### Required work
With pictures excluded, give again exactly the lines running from the one holding "Image of Rocol Sapphire Spray Grease 400ml" through the end of the listing below.

### Given material
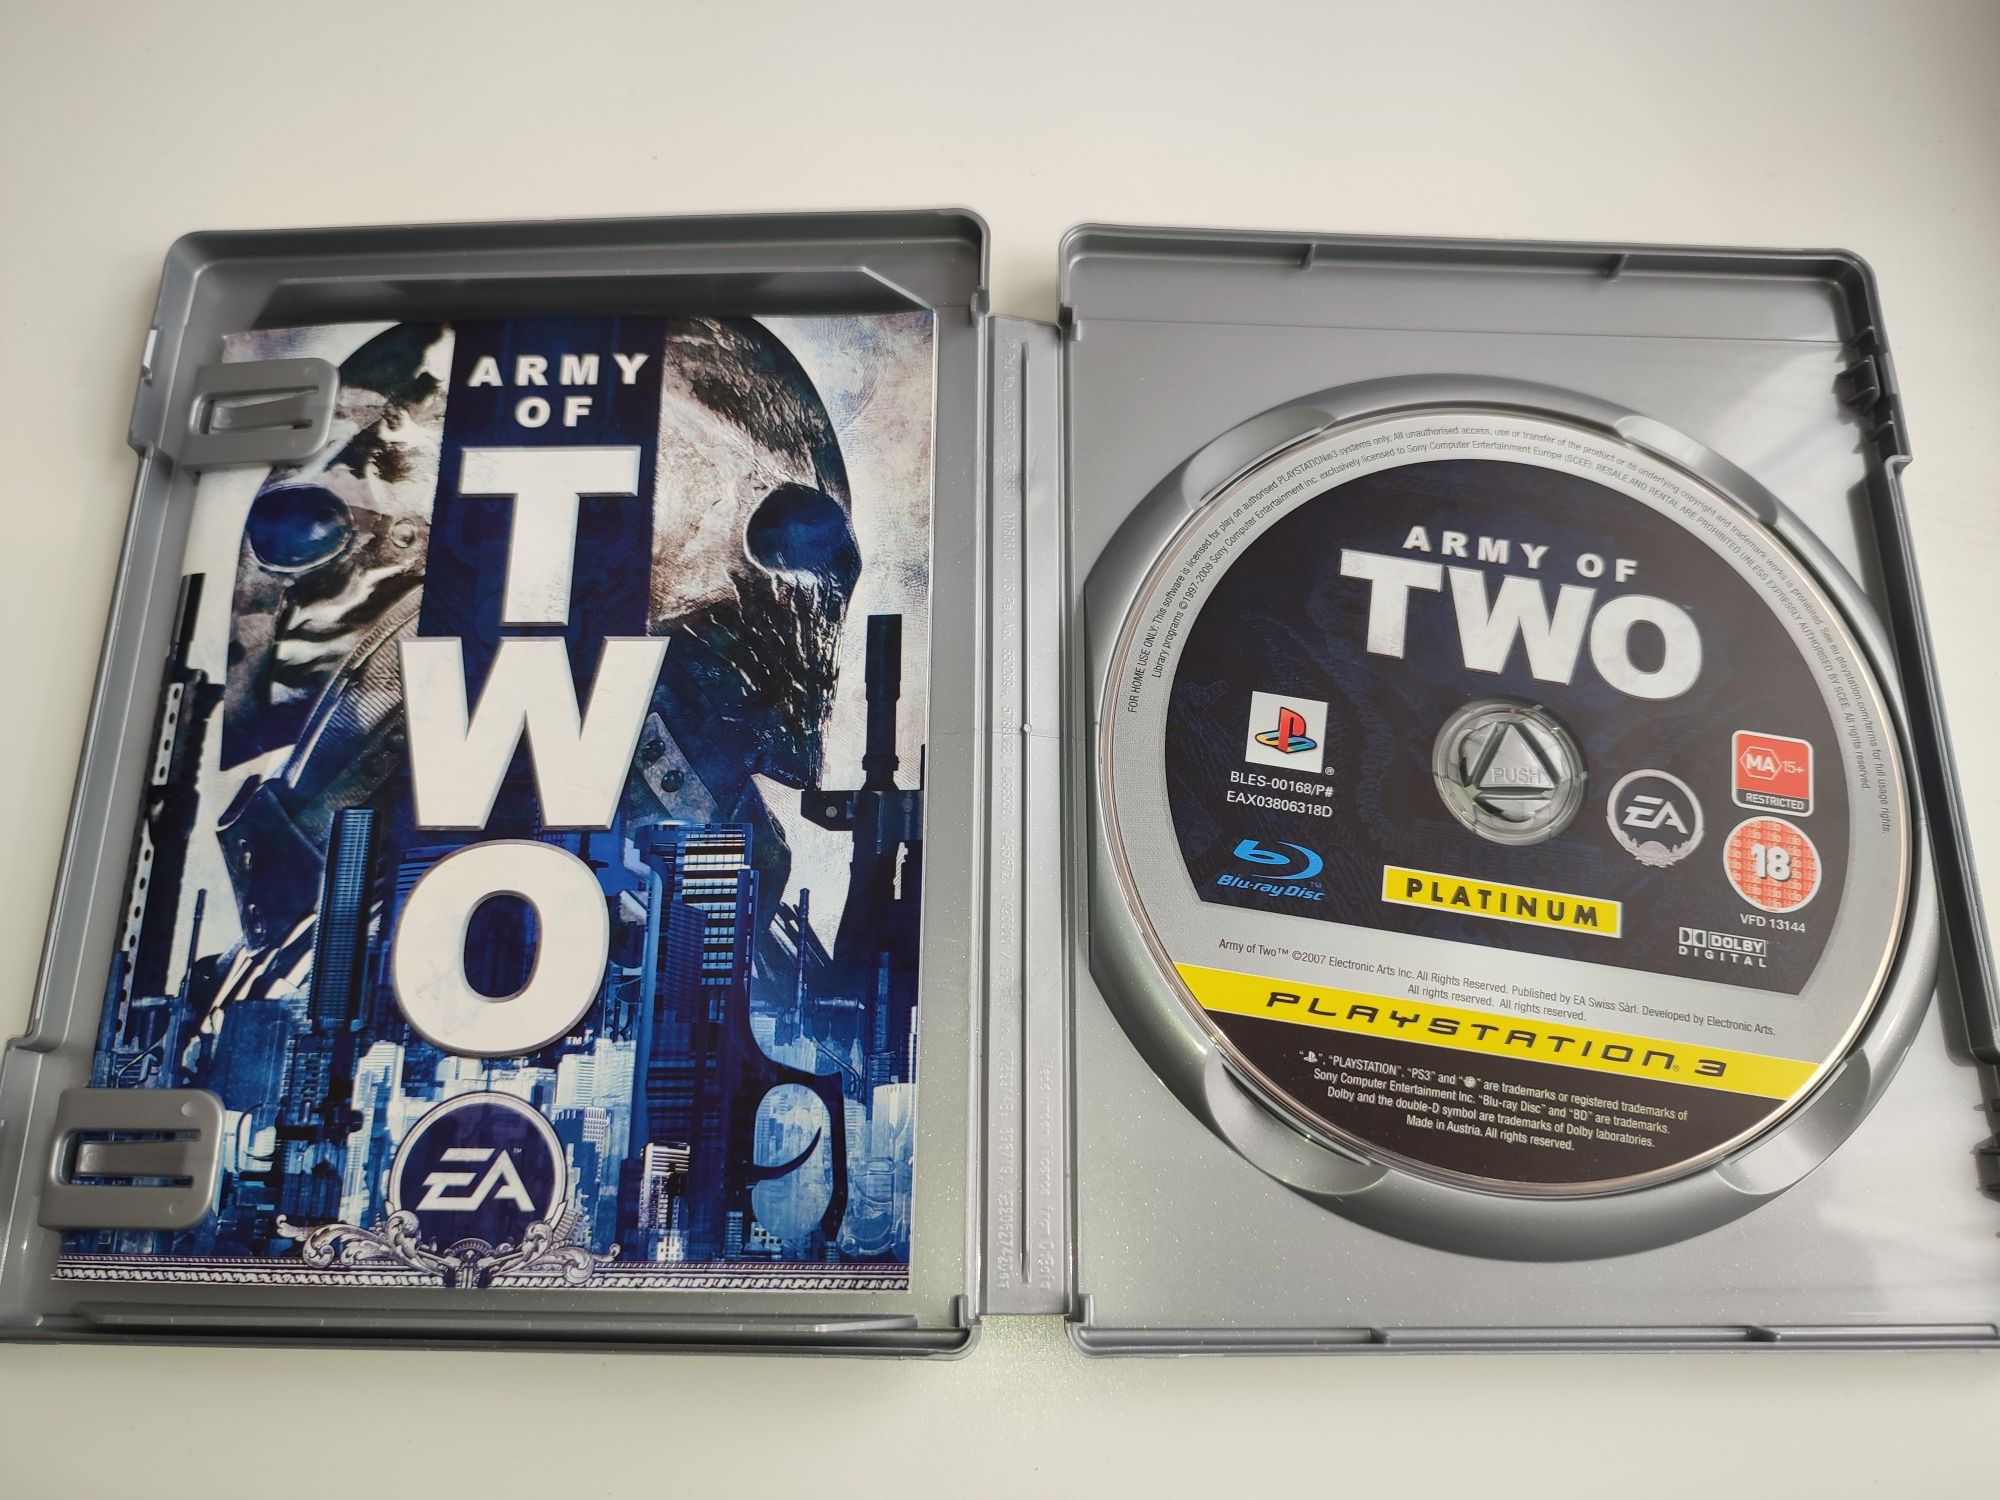 Gra Ps3 Army of Two Platinum gry PlayStation 3 Hit GTA V Sniper Diablo
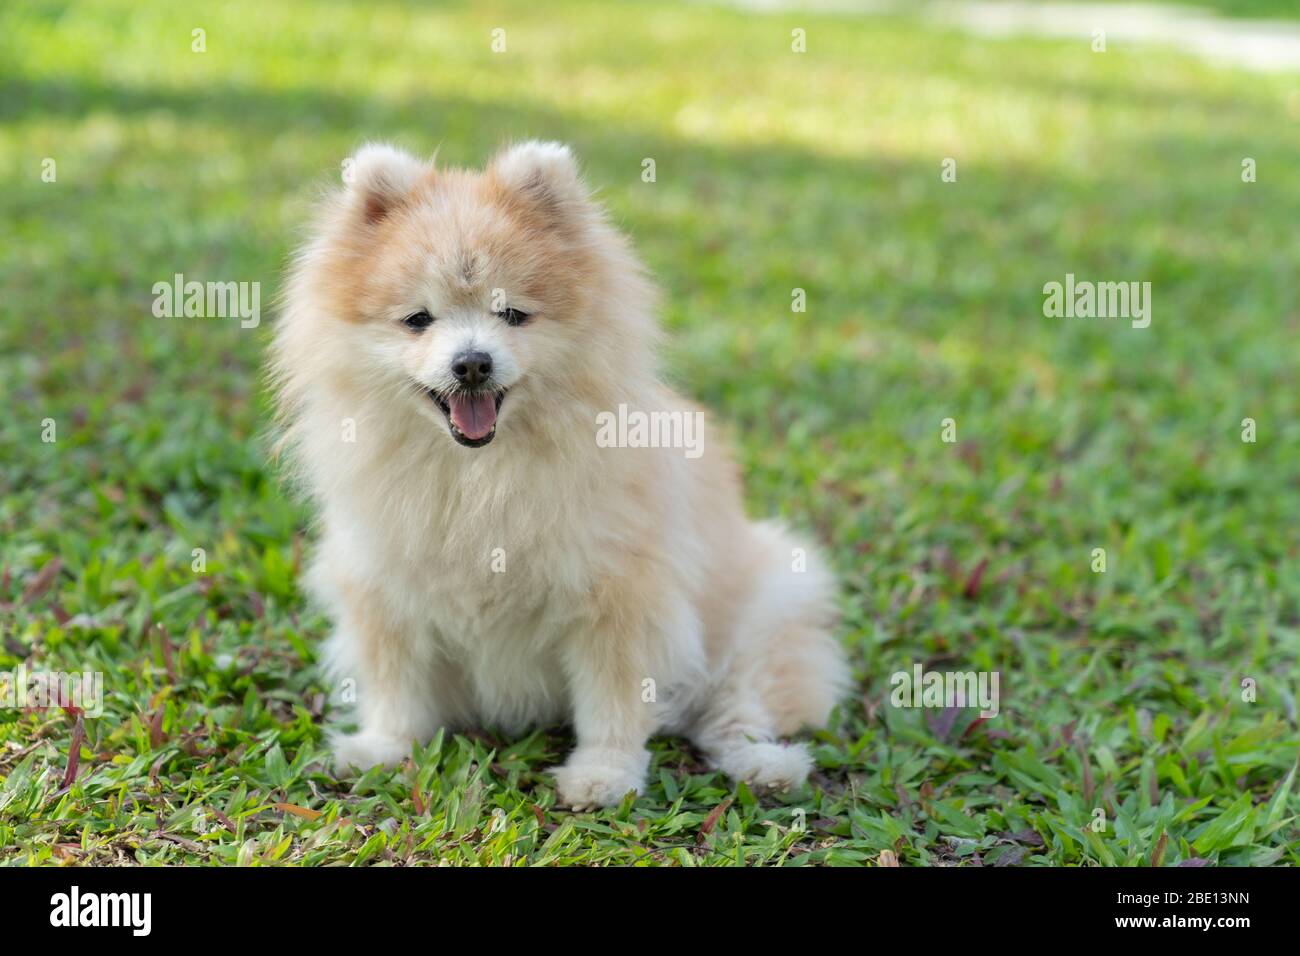 Pomeranian dog siting on green grass in the garden. Stock Photo
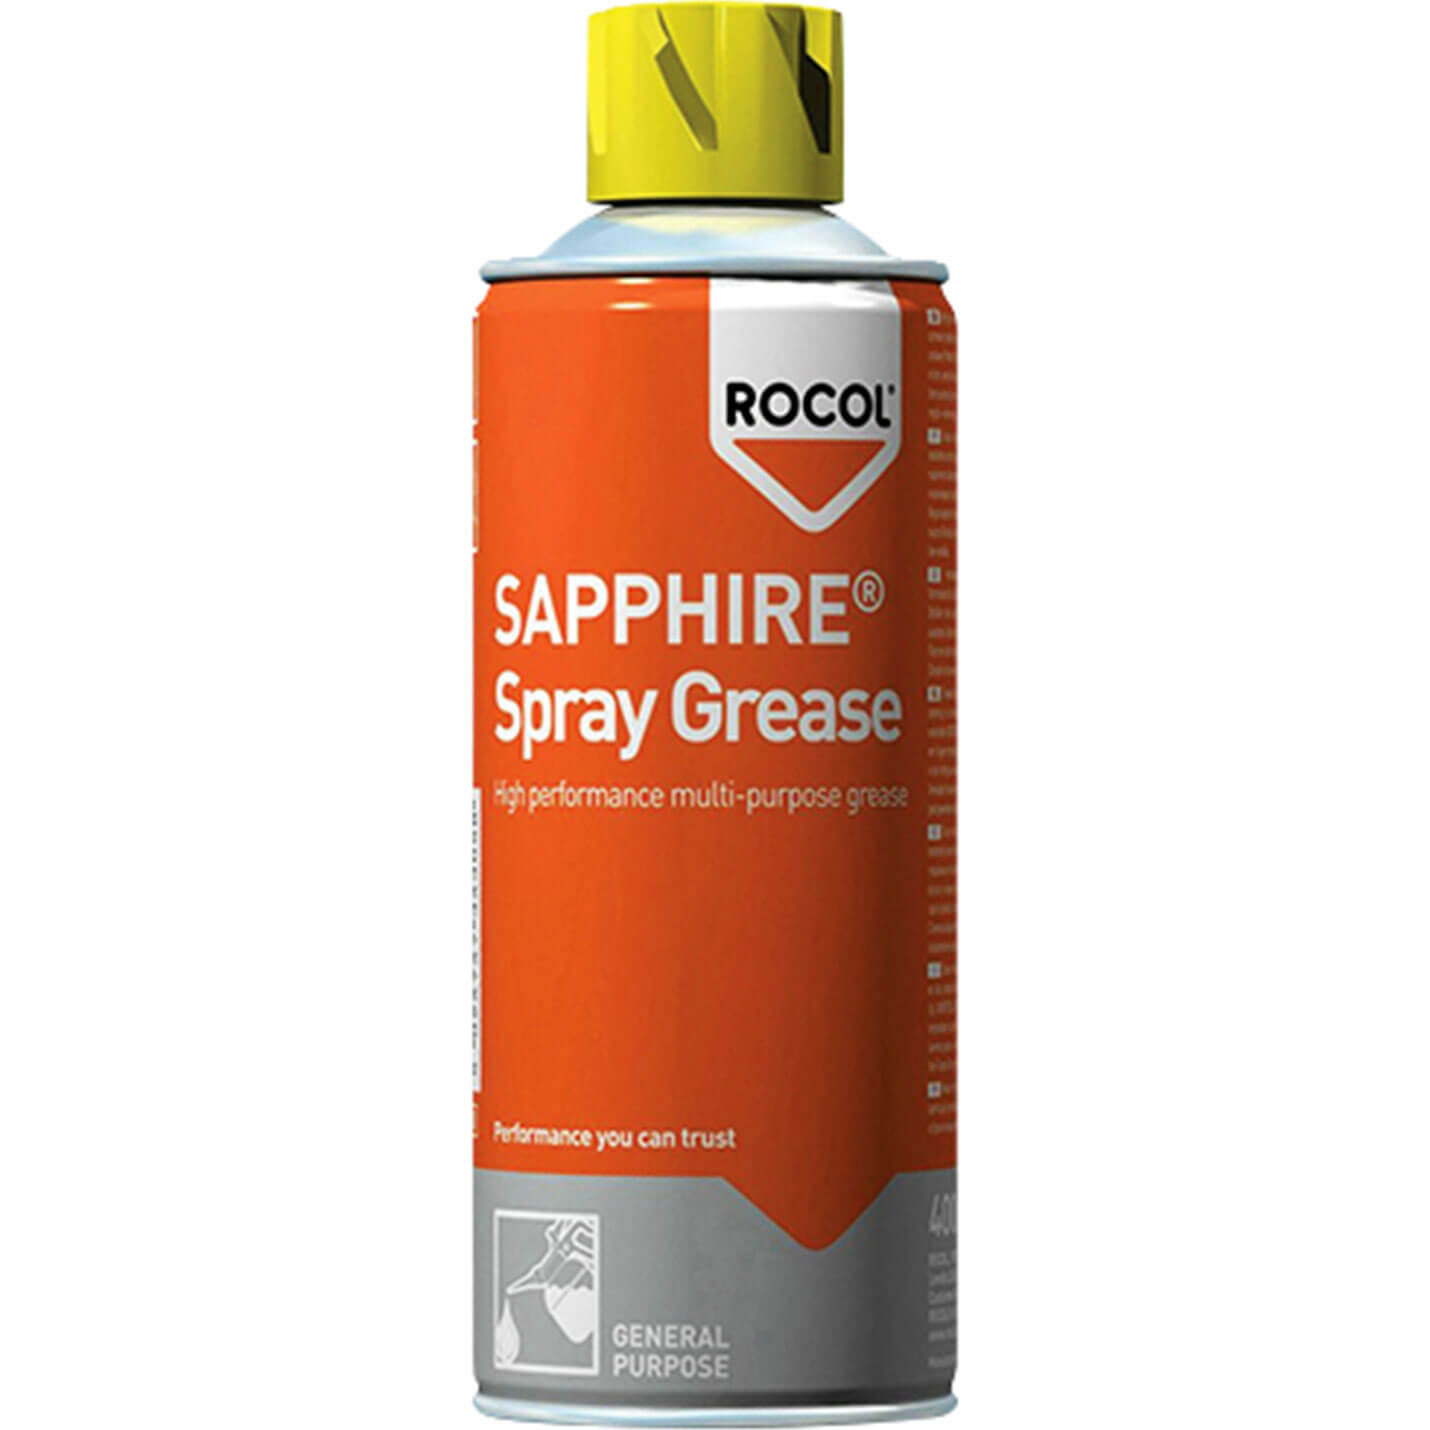 Image of Rocol Sapphire Spray Grease 400ml
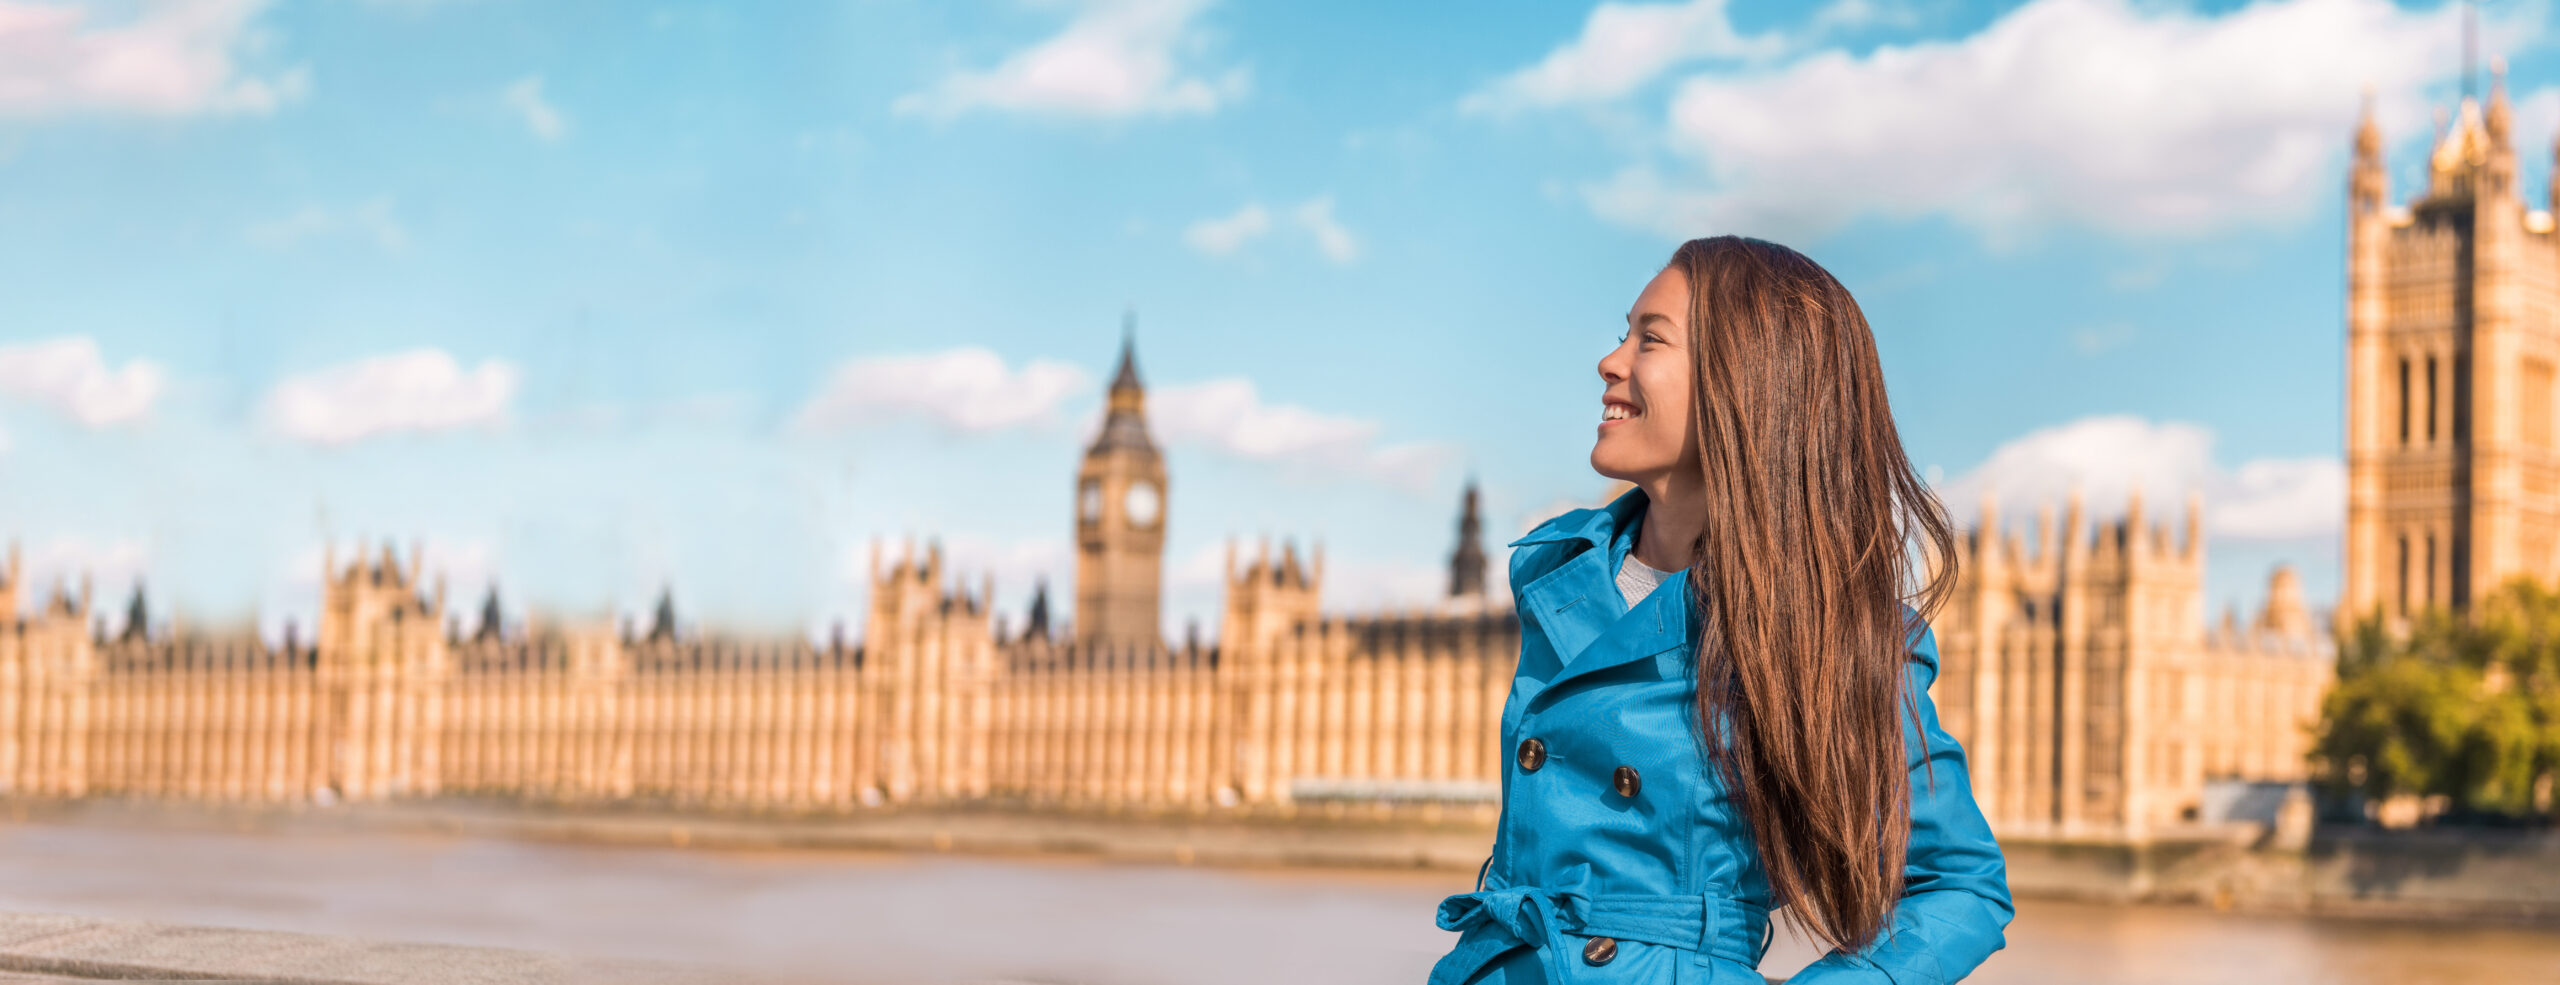 Girl in a blue coat with Big Ben & Houses of Parliament in the background

### Final answer
 Image of Rocol Sapphire Spray Grease 400ml
 Girl in a blue coat with Big Ben & Houses of Parliament in the background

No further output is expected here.